One person in Havenwood scoffed at these myths. Mason Trillon rolled his eyes at the notion of a man’s grave protecting the town. Almost eighteen, Mason planned to join the army. He hoped to go to war. He thought that might quiet the war inside him – the one that raged even when he slept, which wasn’t often.

Mason and his mother had moved to Havenwood when he was thirteen, after she shot his father in the small kitchen of their big-city house. With a broken right arm, she’d aimed the gun with her left hand. Mason was huddled in the corner, frozen in fear – the way he usually was when his father beat his mother. She wasn’t prosecuted; there were plenty of people who verified what a monster Ben Trillon was. And there was her shattered arm and bloodied face on the night of the shooting, plus all the other scars. They left the house with yellow police tape still around it and blood on the beige linoleum floor. Geri Trillon told her son they were going to start a new life, but their old life still floated in her eyes.

On many of those horrible nights, she’d screamed at Mason, “Why can’t you help me?” But the boy froze in the storm-surge of his father’s fury. Geri never blamed her son outright for that final night, but Mason knew in her heart she did. He should have been man enough to protect her. Now he lived with the smolder of shame inside him.
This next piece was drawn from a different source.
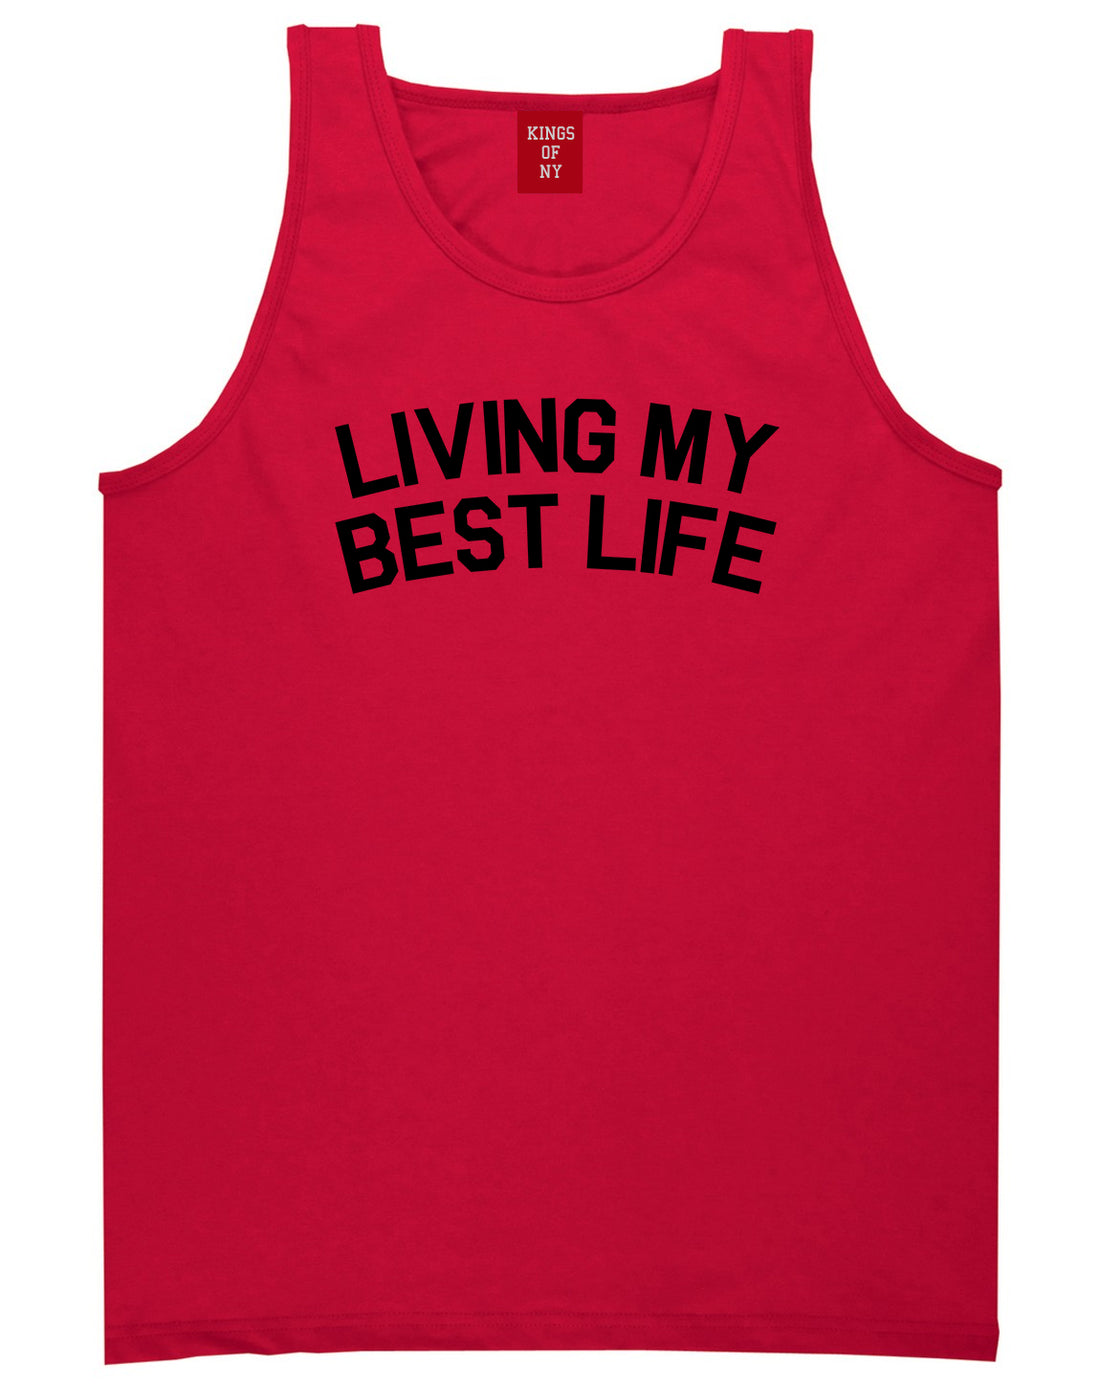 Living My Best Life Mens Tank Top Shirt Red by Kings Of NY

When the rains came, Mason decided to toughen himself up before joining the army. About an hour’s drive from Havenwood is untouched backcountry – wild acres, thick with trees. The angriest boy in Havenwood threw some gear in his truck and drove fast down the road. Mason had something to prove, which is often all it takes to make someone drive right past caution and straight into danger.

Hours after Mason’s truck had driven out of sight, Clive Drexler went out to feed his horses, unhappily confined to stalls. It was earlier than their regular feeding time, but he’d heard them from inside the house, fussing and snuffling. He figured that maybe with the dark clouds their sense of time was all confused. The rain had turned to drizzle, but the sky told him another deluge was coming.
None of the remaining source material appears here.